What guitar did you play on the album?
I played a Yamaha archtop that I designed back around 1990 with [luthier] Martyn Booth. I used it on a lot of recordings, but then I didn’t play it for a long time. Chet Atkins had signed it, though, and I decided I needed to do something with it, so I gave it to a friend and he stripped it down, patched the holes where the electronics had been, added some Celtic-style inlays, and installed new hardware. I got it back just before starting the recording and after giving it a listen I decided to use it.

Is there some reason why you don’t use traditional- style guitars when playing Gypsy jazz?
At one point I had a 1935 Selmer- Maccaferri guitar, and I used it once while playing a couple of Hot Club pieces with Stéphane at his 80th birthday party, though generally he didn’t want to play Hot Club material. He might play something like “Swing 42,” but apart from that he just played standards and he didn’t want the chunking four-in-the-bar rhythm guitar backing. He wanted what he called “sophisticated transatlantic jazz.”

You have also avoided the standard Gypsy jazz approach and lineup with the Spirit of Django.
I didn’t set out to do some sort of Hot Club tribute band, and not going with the standard lineup has given us a lot more options. Also, while I do play with Gypsy jazz inflections, I don’t play those arpeggio kinds of lines. My lines come more from the bebop tradition.

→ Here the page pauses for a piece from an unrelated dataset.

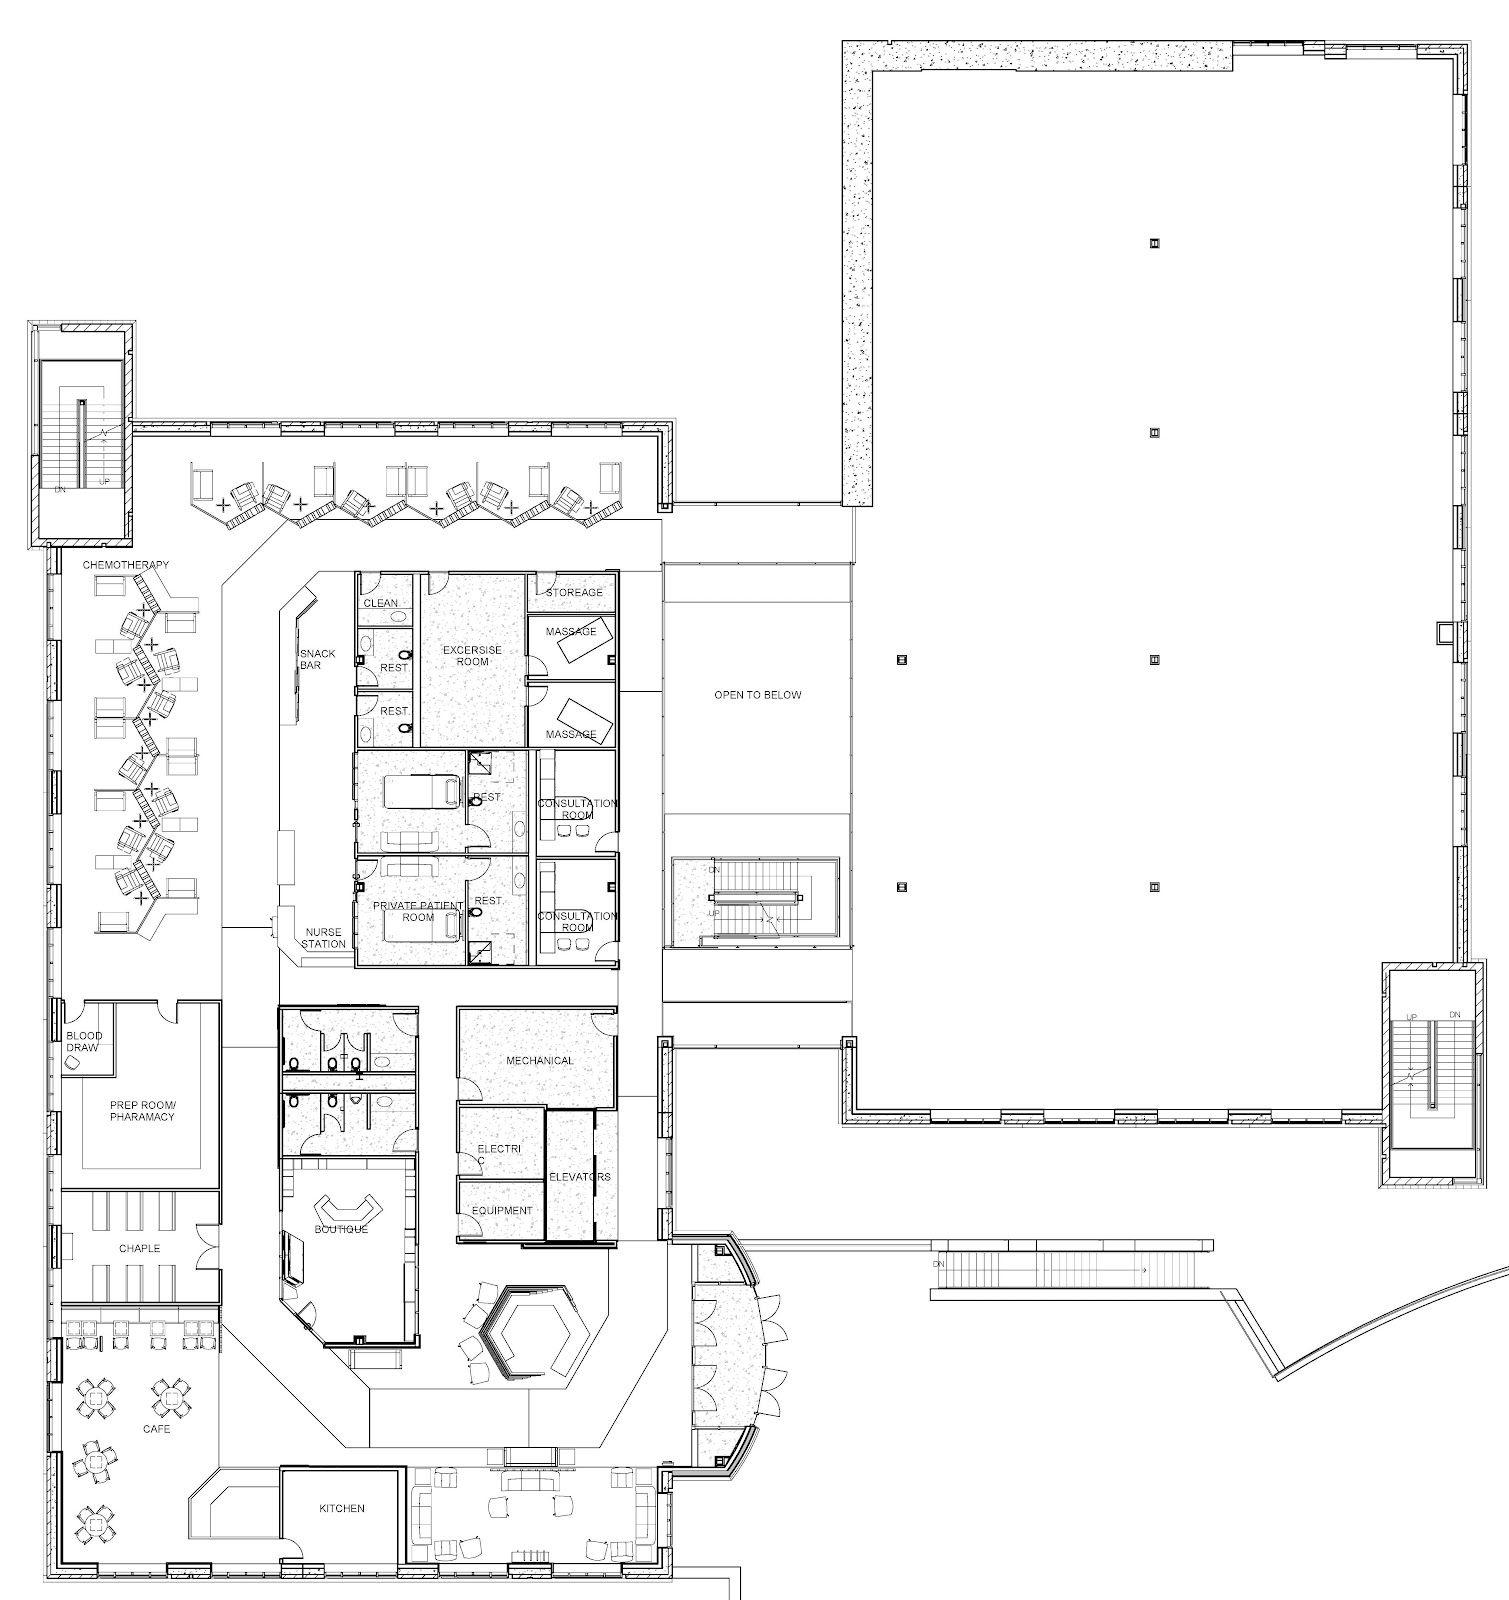 oncology center floor plans First Floor Plan Health

When you say “inflections” do you mean things like playing a little harder or closer to the bridge or employing Django-like ornaments?
Yes. You can tease those notes out. It’s all in how and where you strike the note with the pick, combined with the left-hand vibrato. In fact, there are some songs on Double Standards in which I’m playing what sounds like a straight archtop, and then on the solo there’s what sounds like a different guitar—but it was just one take and all I did was play slightly differently and suddenly it went from sounding like a Gibson L-5 archtop to a Maccaferri.

How does the fact that Django played his lines with just two fingers enter into it?
If I am trying to play more in Django’s style I find that I just unconsciously tend to use two fingers a lot of the time. I’ve also discovered that many of the chromatic phrases that Django played are actually easier to play with two fingers than with four.

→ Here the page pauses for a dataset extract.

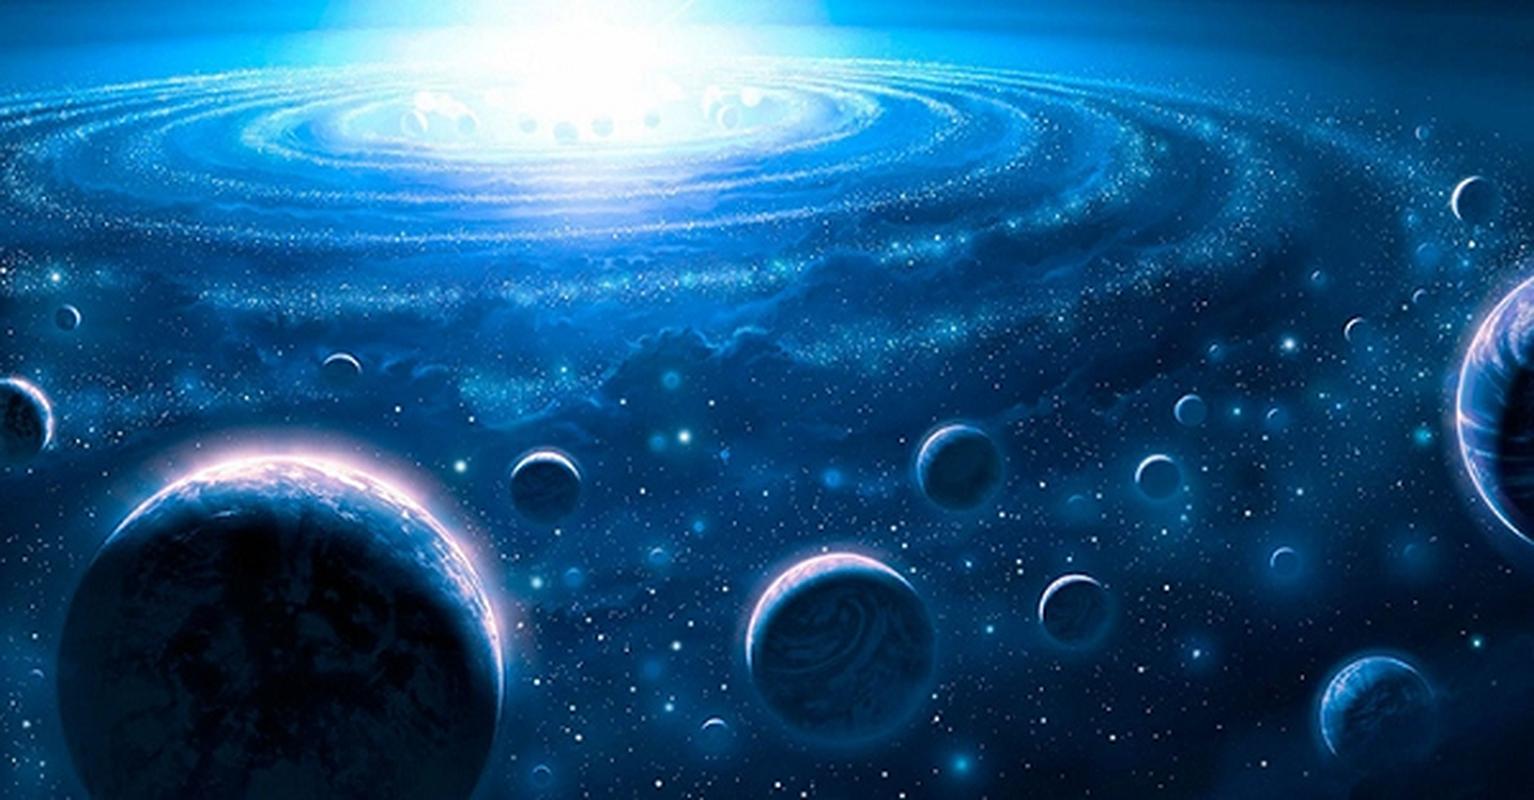 Loi tien tri dang so ve ngay tan the cua thien tai Stephen Hawking-Hinh-12

What does the 100th anniversary of Django Reinhardt’s birthday mean to you?
Gypsy jazz was the first music that I heard. My dad came from a Gypsy family, and he was very proud of Django and used to play all his records. But I was never into impersonating him. The reason the band is called the Spirit of Django is that when I played the music for Stéphane he said, “You’ve captured the spirit of Django but in your own style.” Interestingly, I’ve seen a lot of guitarists from rock and blues backgrounds that have discovered Gypsy jazz, and they respond almost like someone discovering a religion that they weren’t brought up in. They become totally obsessed and trade in their spandex trousers for French suits and little Django mustaches [laughs].

I play at a lot of the festivals in France and Germany, and many of the younger guitarists play in a sort of offshoot of the traditional Django style in which speed is everything. But Django didn’t actually play fast very often. Django told Stéphane his favorite jazz musician was Louis Armstrong, and if you listen you can hear it in much of his playing. A lot of Django’s phrasing comes from Armstrong, which is something that most of the impersonators don’t get because they don’t realize that.